▶ YOUR OBJECTIVE
Everything in the records below from the line containing "La vacuna anti-COVID-19" through the line containing "Stepan 72 black leather wallet" is to be reproduced exactly, those two lines included; no picture is to be copied.

▶ TASK MATERIAL
__________

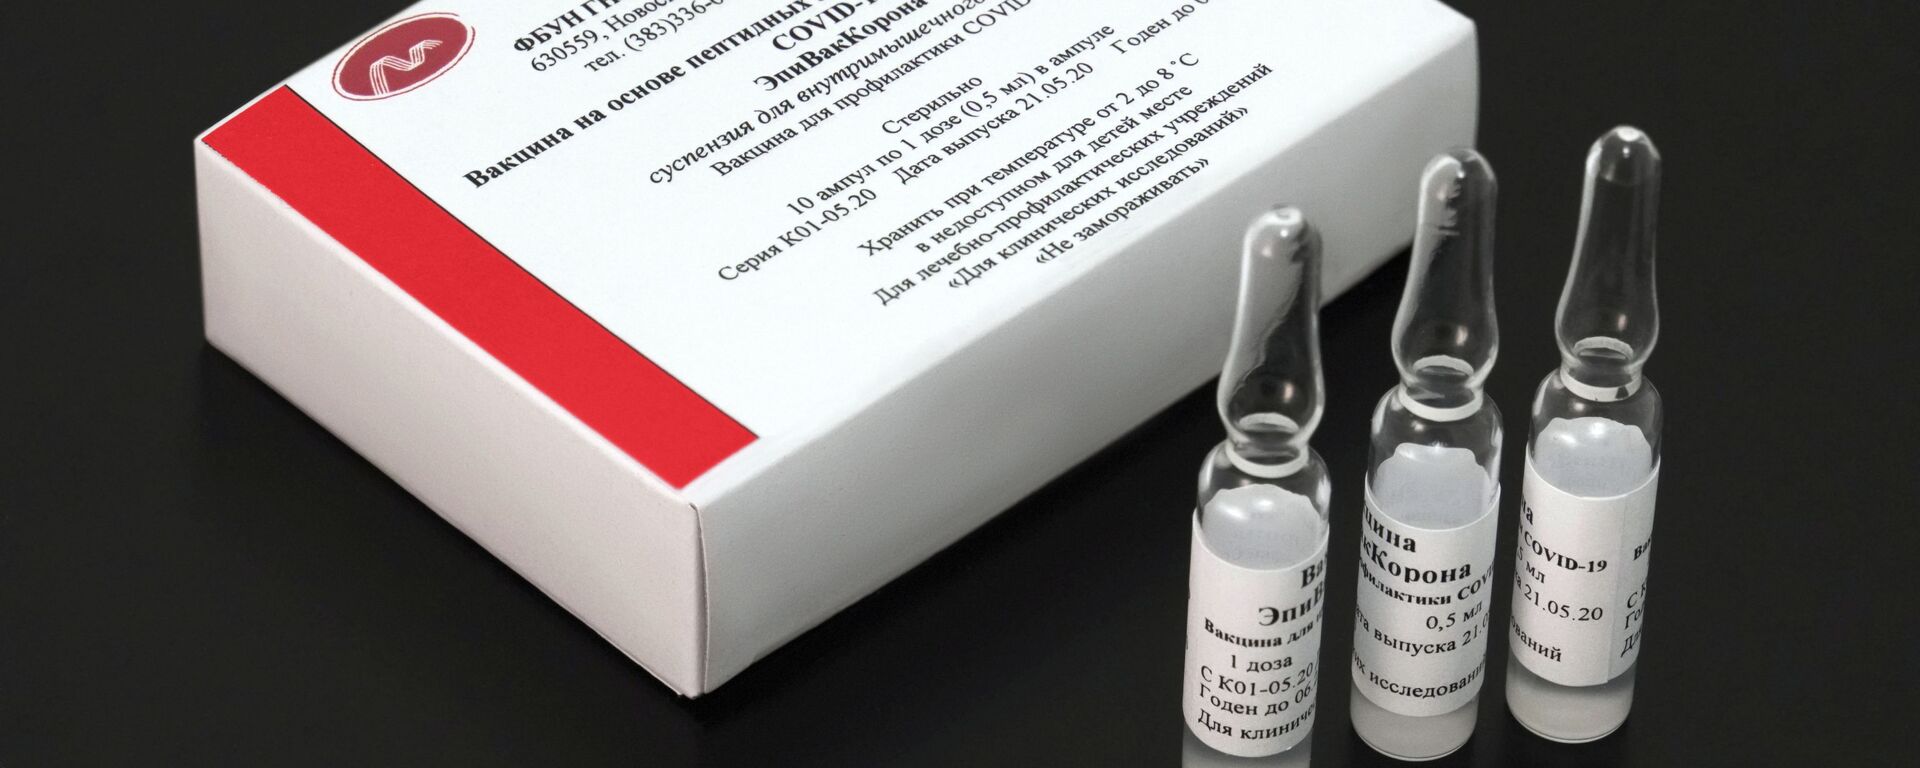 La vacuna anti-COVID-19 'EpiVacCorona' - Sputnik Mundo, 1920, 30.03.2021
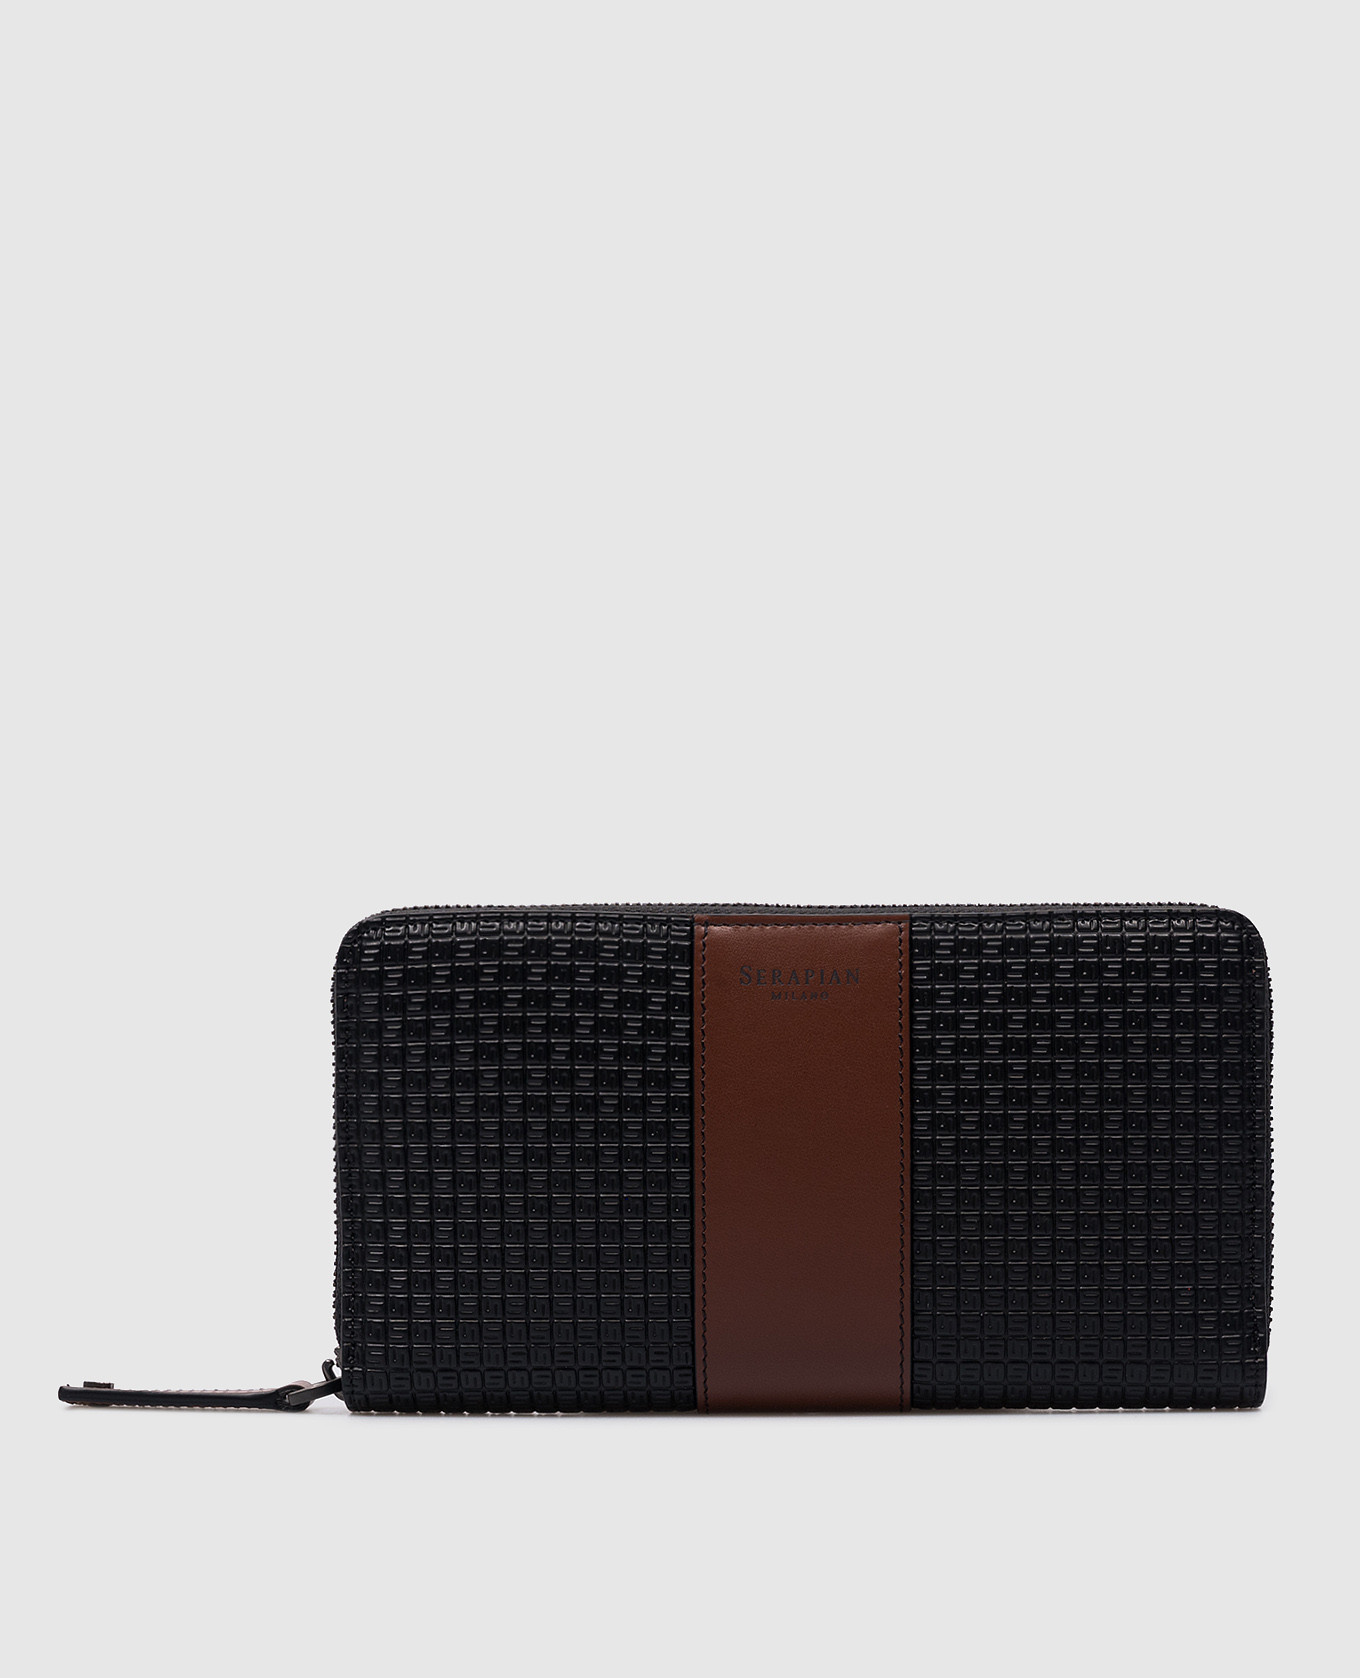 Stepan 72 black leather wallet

__________

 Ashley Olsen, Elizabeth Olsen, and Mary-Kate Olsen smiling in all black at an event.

__________

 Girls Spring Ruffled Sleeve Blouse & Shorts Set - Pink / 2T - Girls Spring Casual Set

__________

▶ WRITTEN SOLUTION
 La vacuna anti-COVID-19 'EpiVacCorona' - Sputnik Mundo, 1920, 30.03.2021
 Stepan 72 black leather wallet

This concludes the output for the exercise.